Prosecutors get yet another bite ate the apple putting on their hired gun, expert witnesses to cancel out Peterson’s. The defense will cross-examine but the tricky part will by for prosecutors not to punish the jury with the total duplication of their murder speculation.
Throughout the day both sides will offer up jury instructions to the court. The rub here is addressing the barrage of never before admitted hearsay evidence brought on by the new Drew Peterson Law. The judge may have a few instructions of his own.
Next come the final arguments beginning with the prosecutor claiming they’ve proven their case, “beyond a reasonable doubt.” That’s a difficult concept for even the brightest lawyers to define. In this case it will be a miracle if prosecutors don’t again cross boundaries in their attempt to poison the jury.
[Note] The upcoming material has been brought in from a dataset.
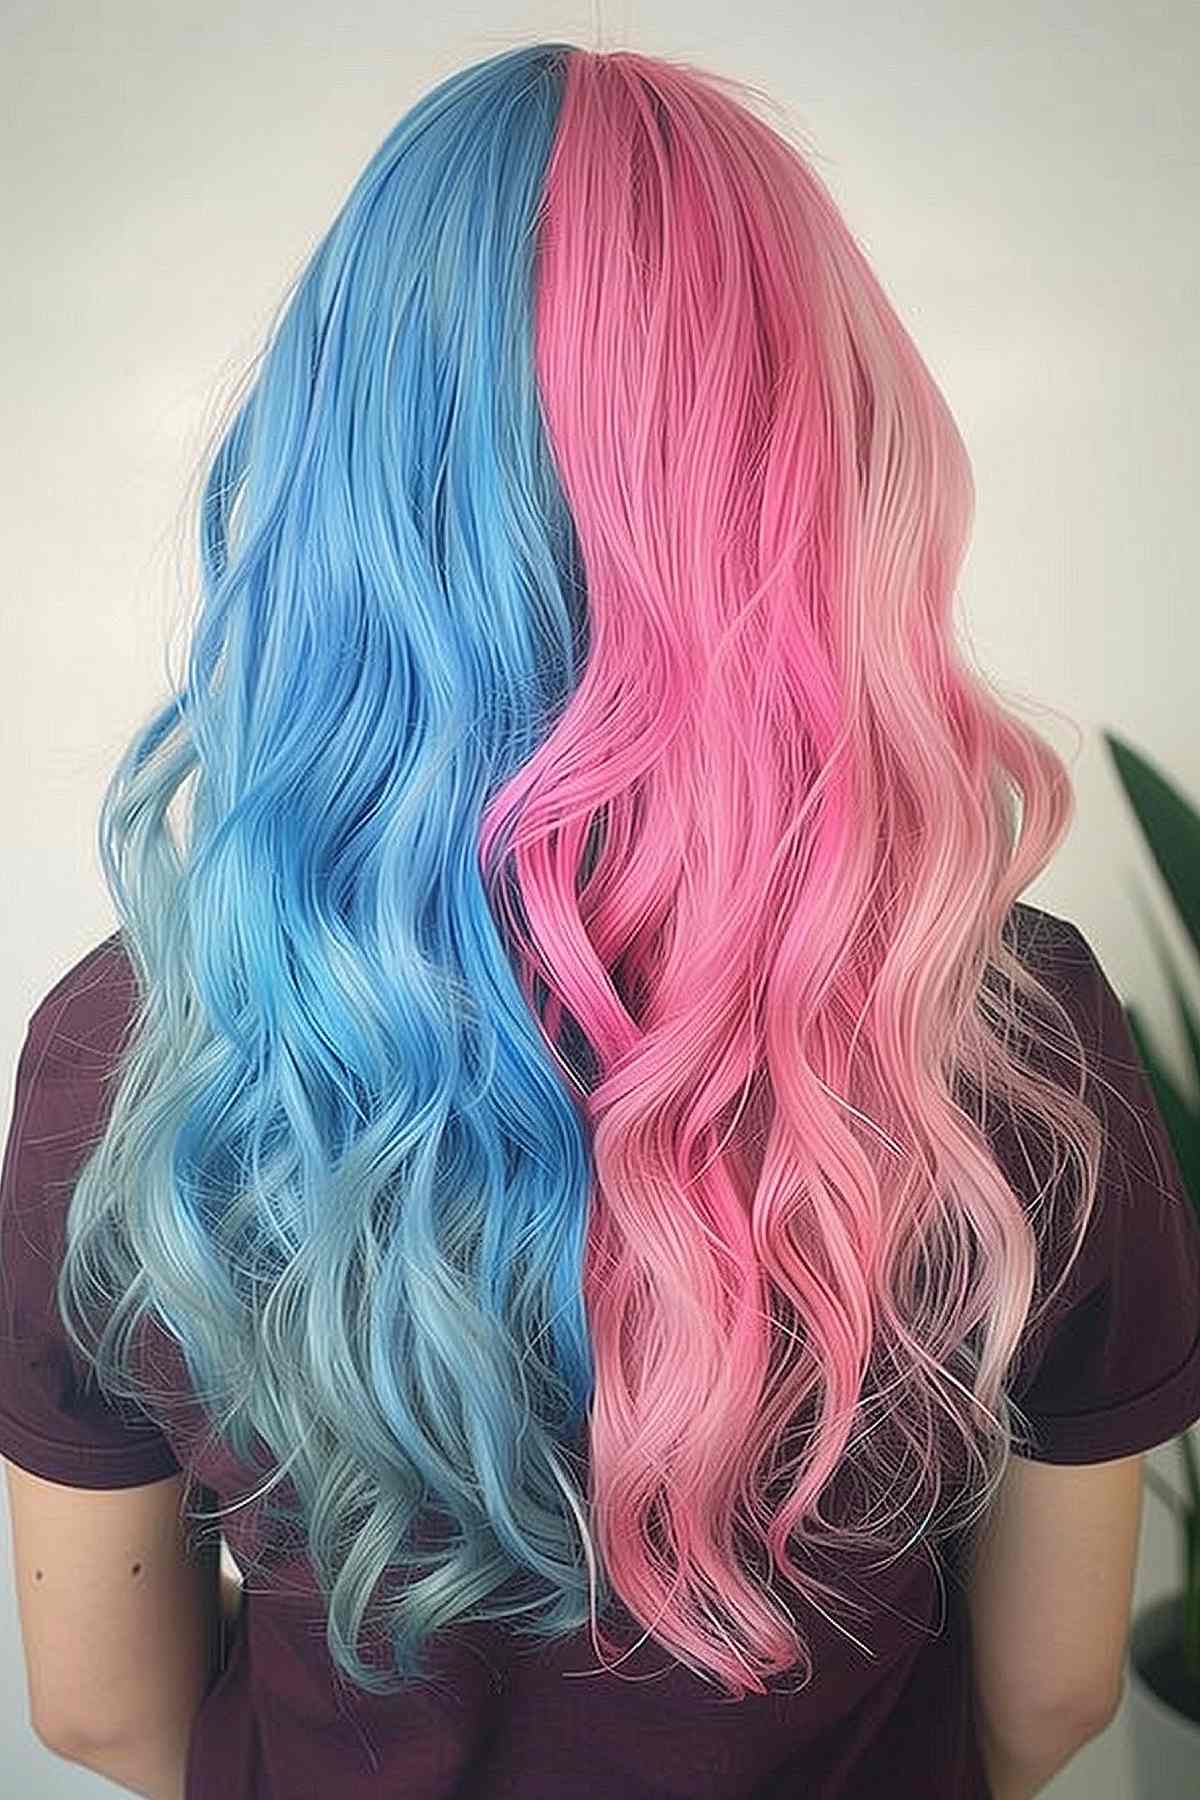 Wavy mid-back hair in pastel blue and pink, embodying a whimsical and airy Gemini-inspired style.

The defense will get their turn and attack the case made through gossip, hatred and emotion. As for attacking viable physical evidence, there is none. They will ask the jury to put aside the hype, guess work and wild speculation and work with proof. They will also ask the jury to follow the rules and be fair. They will tell the jury that there is no murder, nor a killer to be found or punished.
The prosecution will get a second shot to beg the jury for a conviction and waive Kathleen Savio’s picture around in dramatic fashion to play on juror’s raw emotions.
Look for yet another mistrial motion or two, which probably will be once more denied.
The jury will be sworn and sent to deliberate. Realistically they have all be saturated with tweets and every form of media about this legal mess. They will break off into two groups. One group will ask, “Where’s the beef?” The other group will express their hatred to Peterson and his lawyers. Will they be able to settle on a unanimous verdict?
If it’s anything like the mock trial some three years ago the answer will be, no way. Of course this jury knows that this was not intended to be a fair trial. Anything is possible.